### WHAT THIS TASK INVOLVES
Before printing the listing, strip out its pictures and keep everything else exact.

### SOURCE DATA
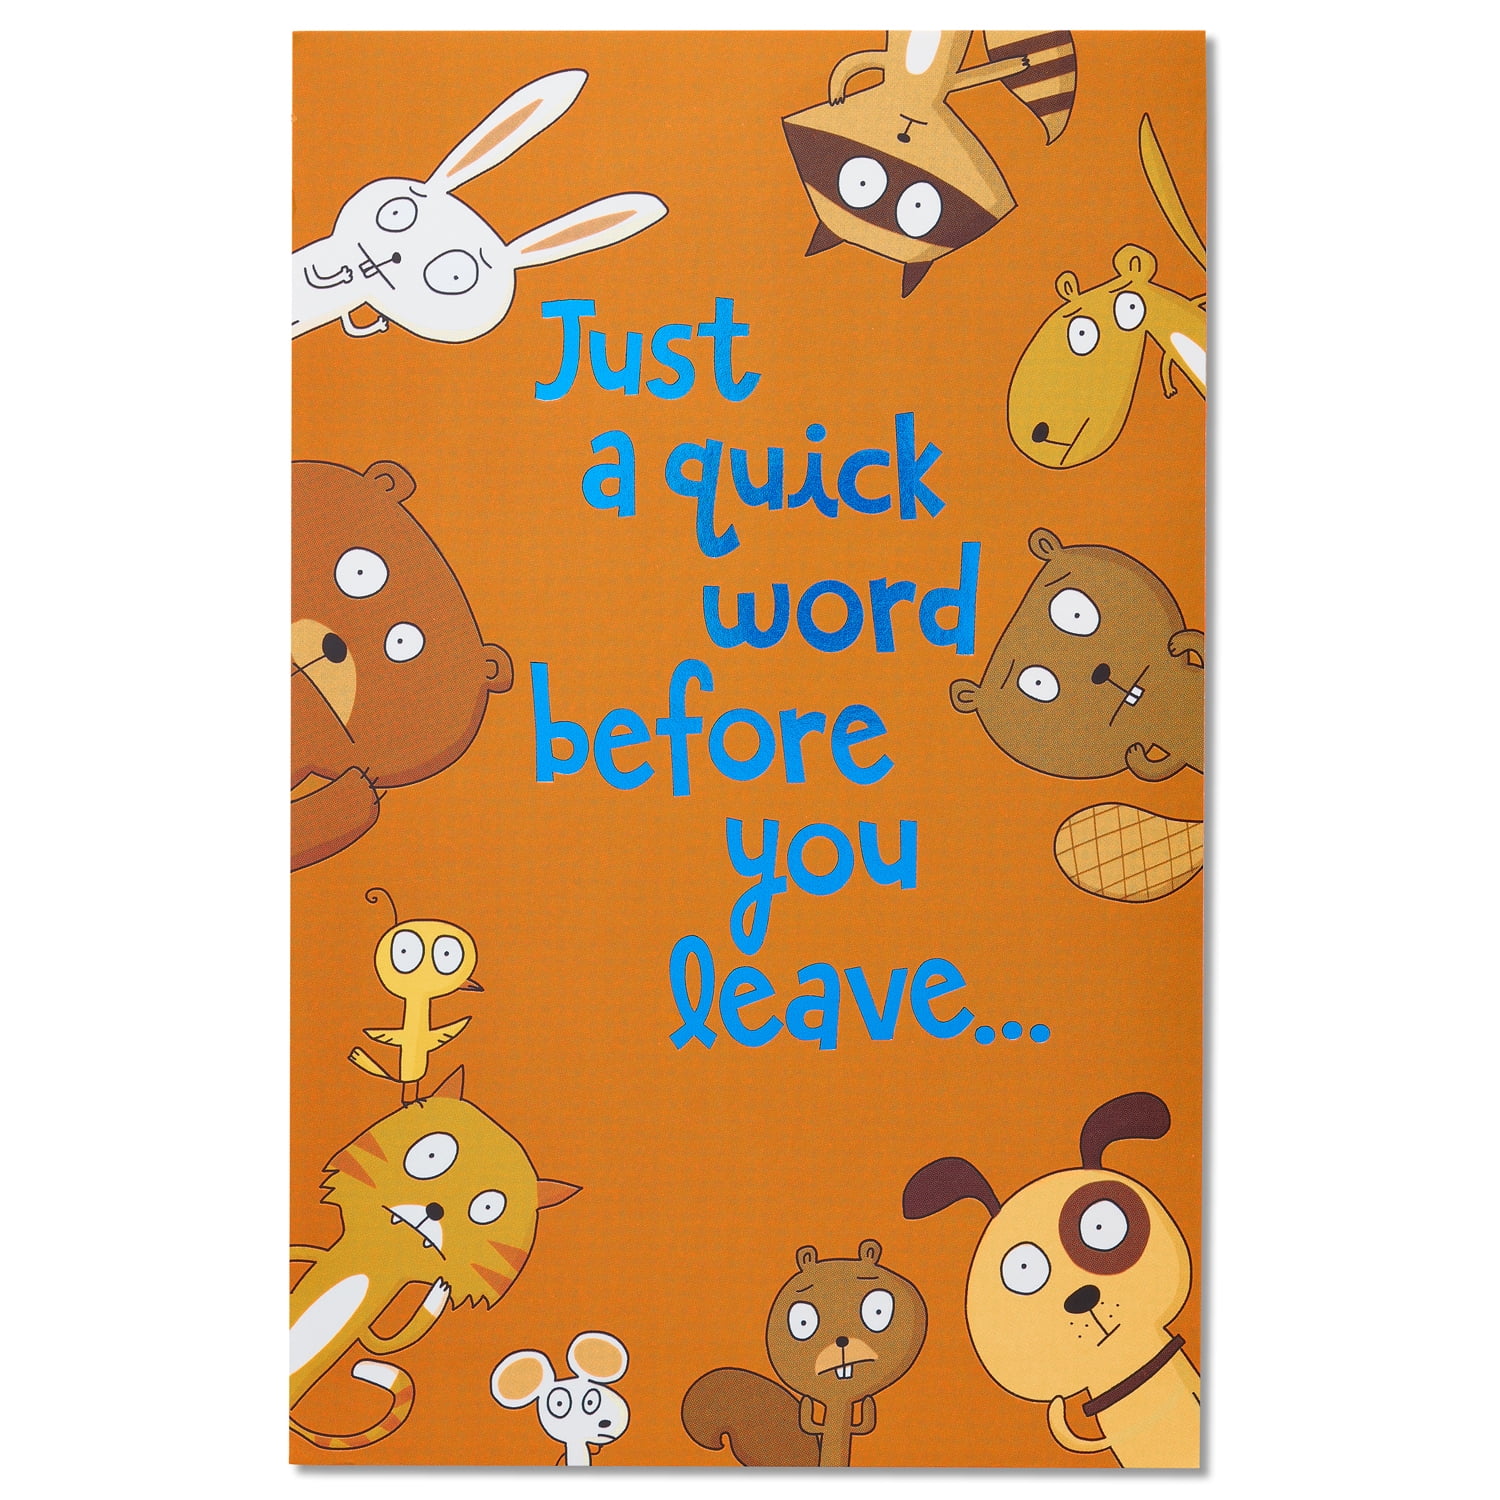 Details about  / Encouragement Smile Animal Thanks American Greetings Dog Card Funny Humorous
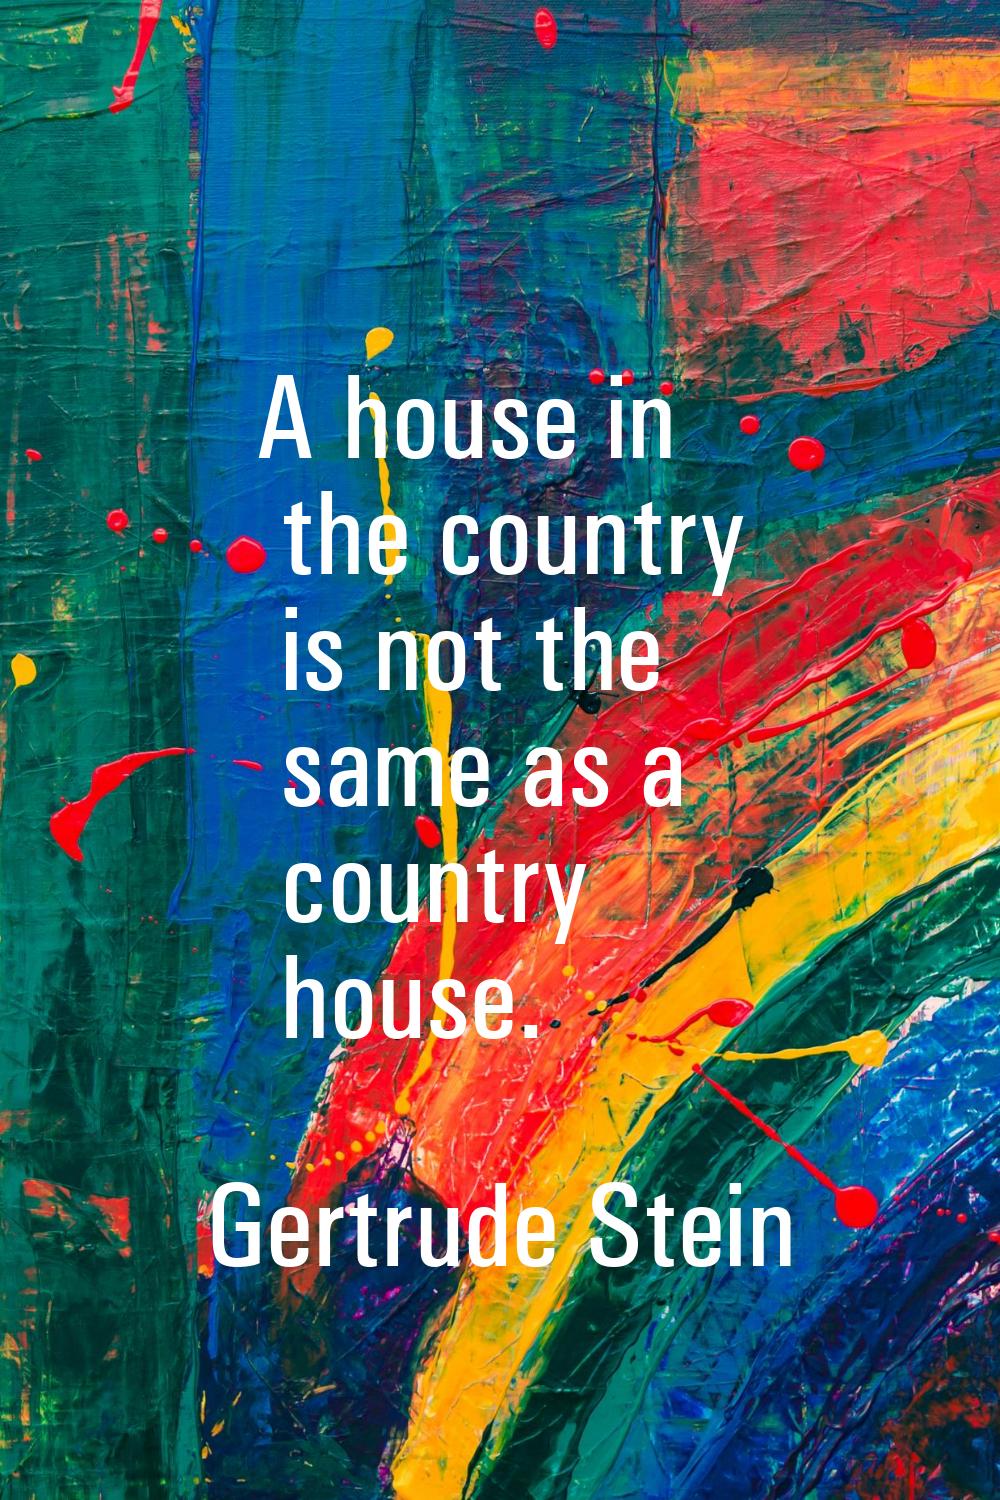 A house in the country is not the same as a country house.
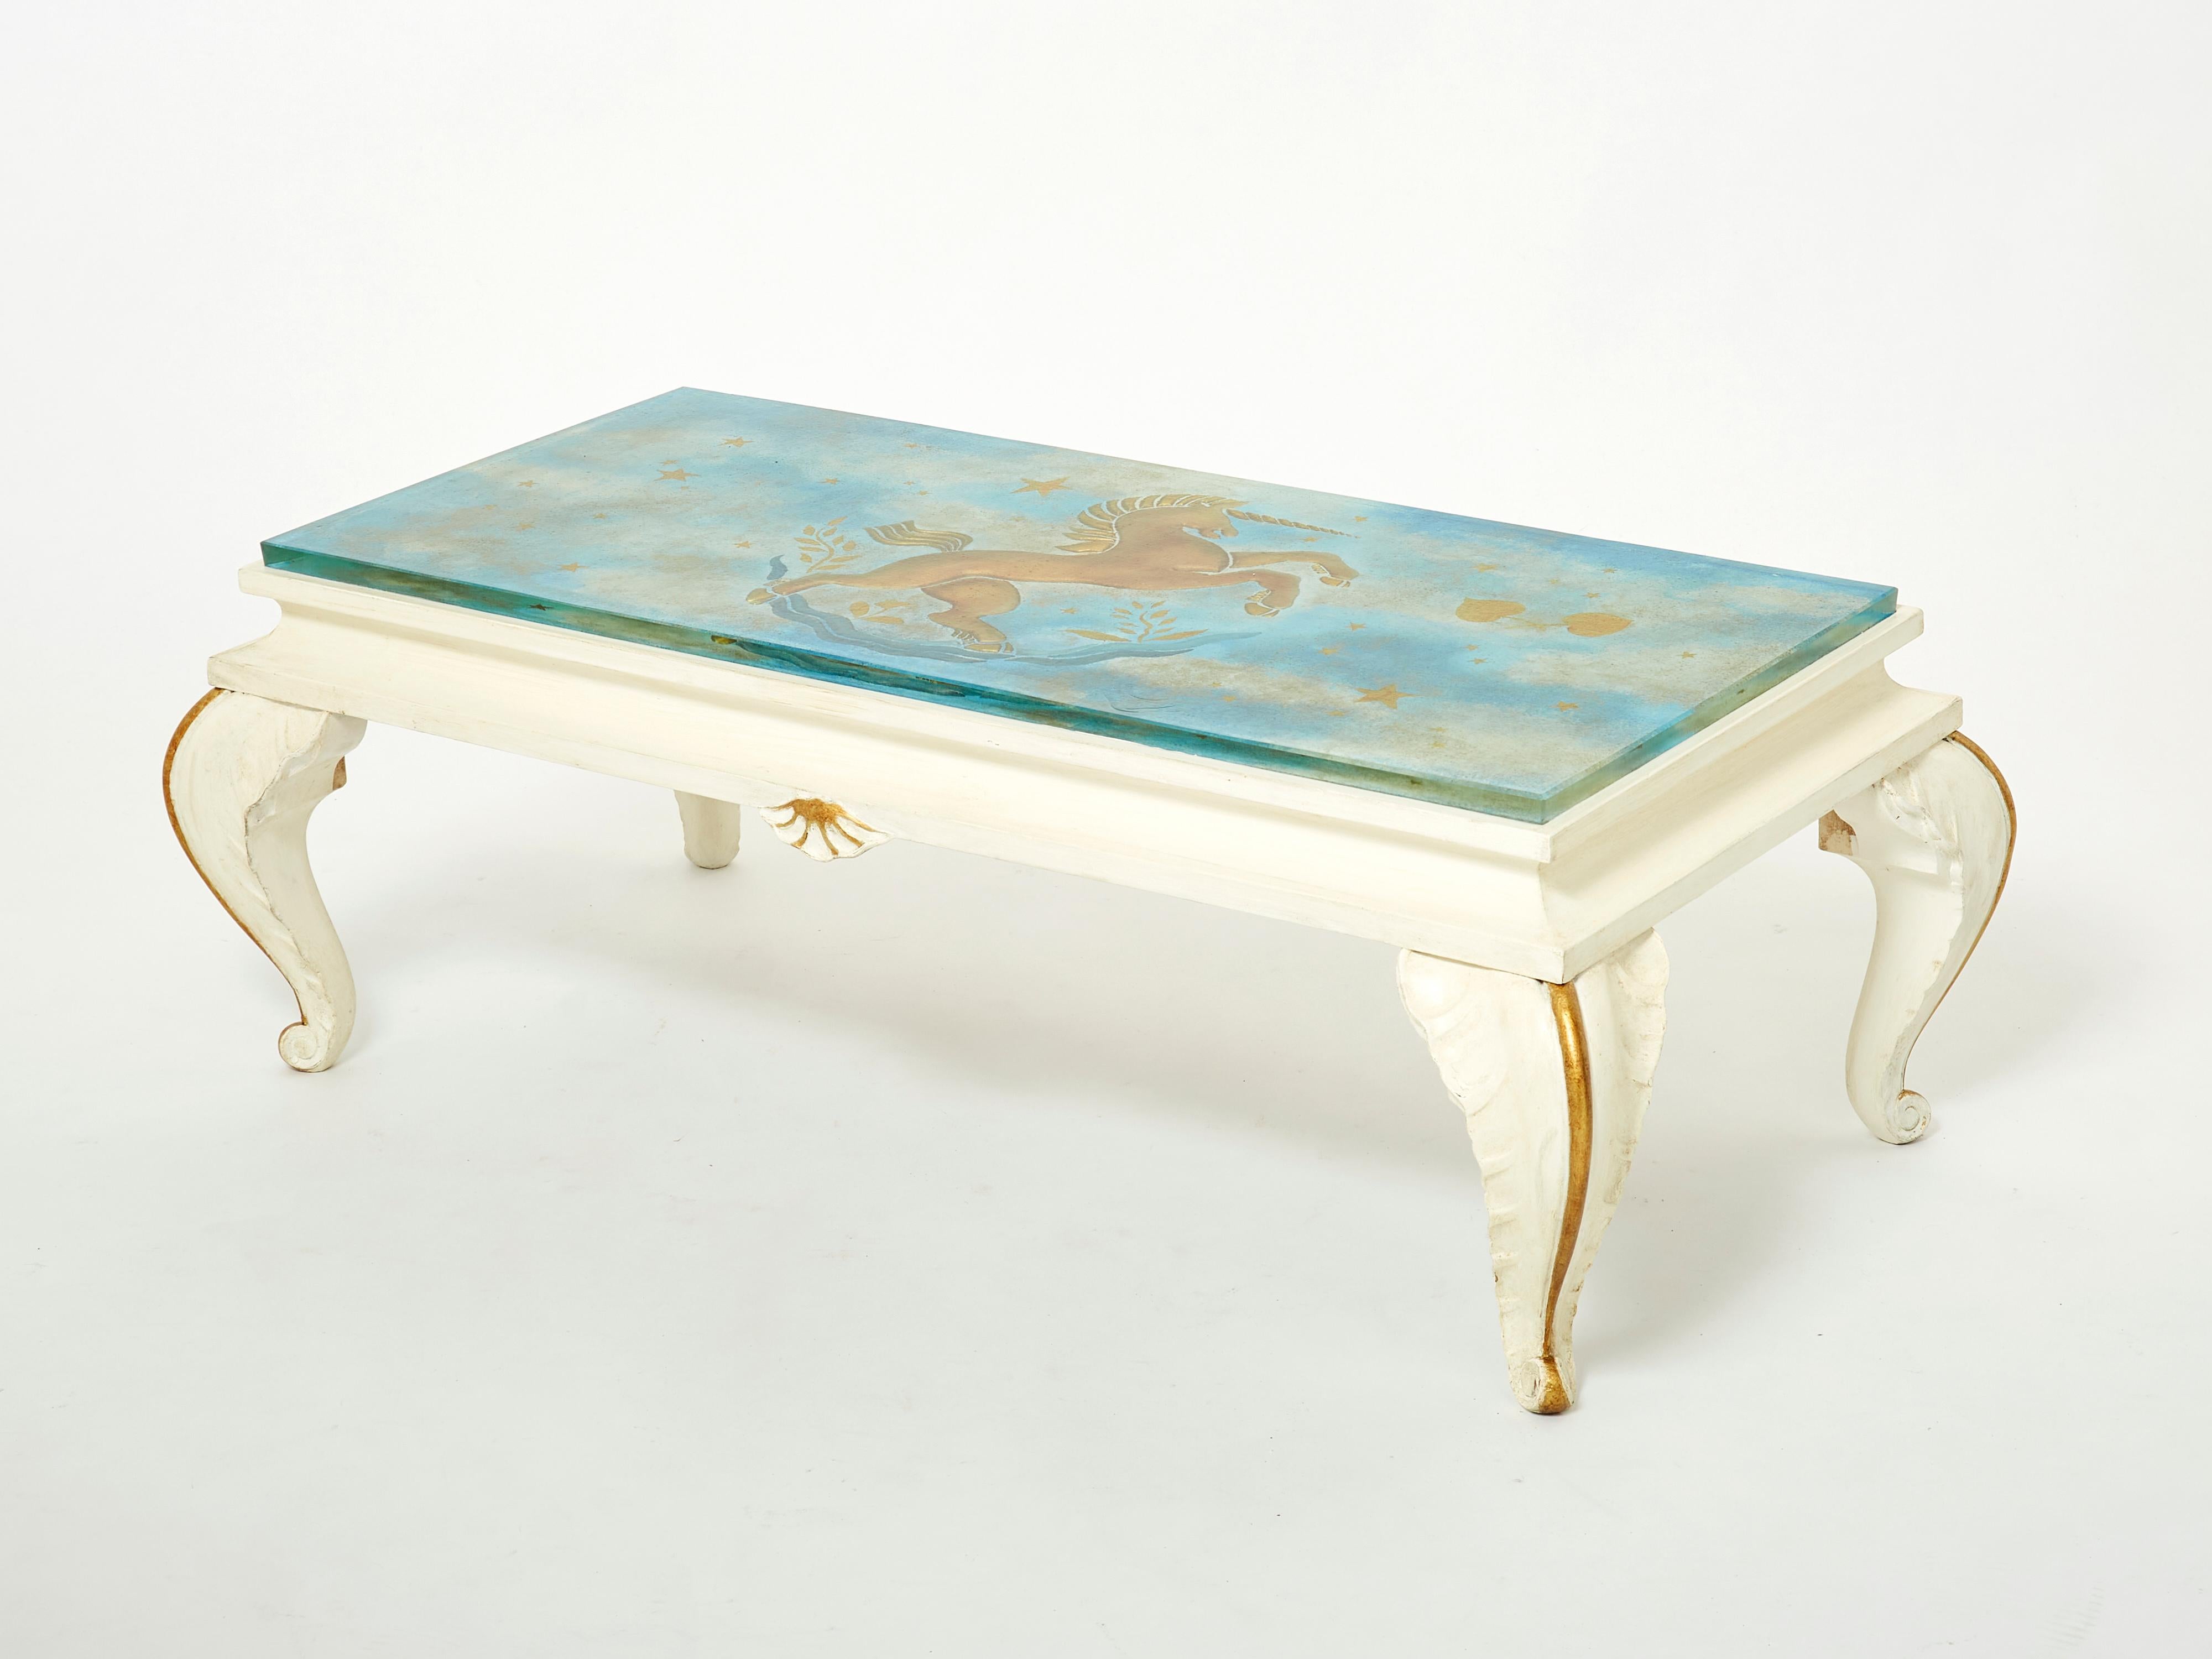 Maison Jansen Gilded Wood Painted Glass Top Coffee Table, 1950 For Sale 3
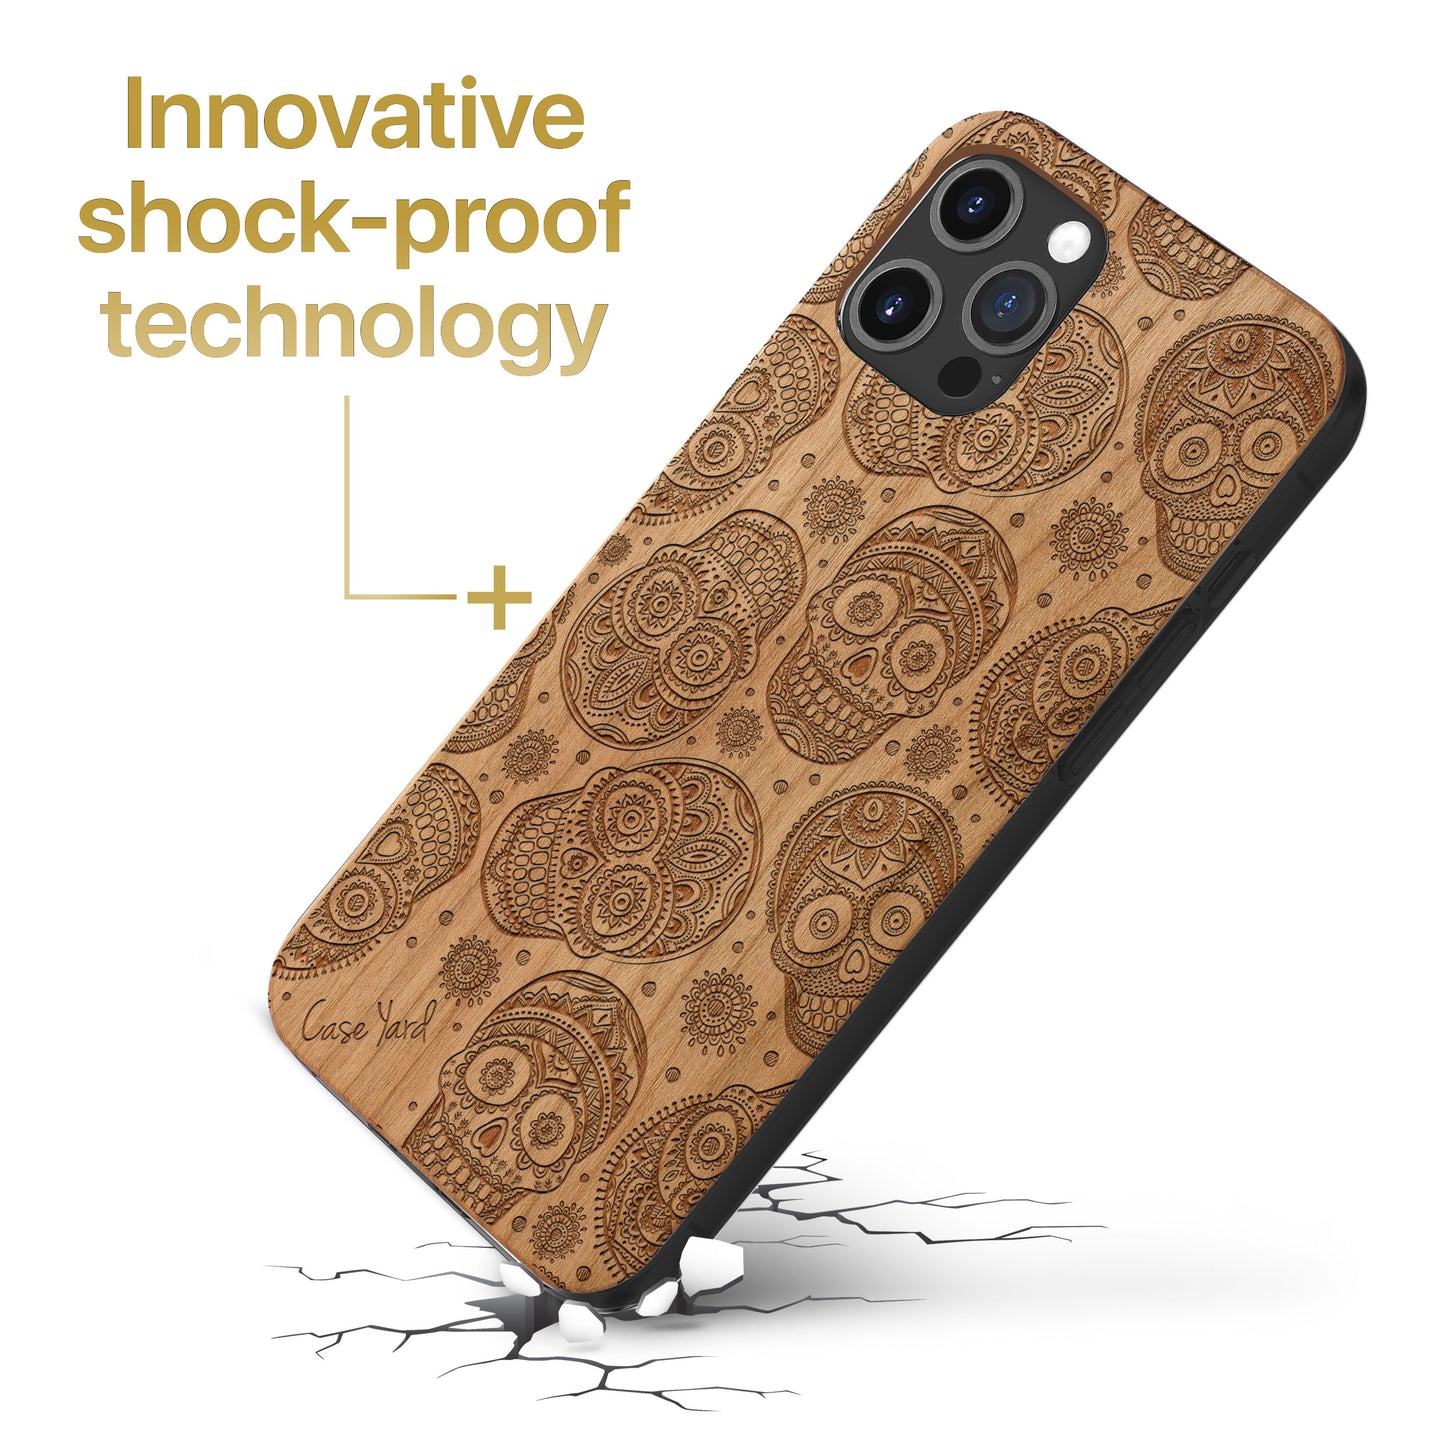 Wooden Cell Phone Case Cover, Laser Engraved case for iPhone & Samsung phone Skull Pattern Design

### TASK ANSWER
 Details about  / Encouragement Smile Animal Thanks American Greetings Dog Card Funny Humorous
 A house in the country is not the same as a country house.
 Maison Jansen Gilded Wood Painted Glass Top Coffee Table, 1950 For Sale 3
 Wooden Cell Phone Case Cover, Laser Engraved case for iPhone & Samsung phone Skull Pattern Design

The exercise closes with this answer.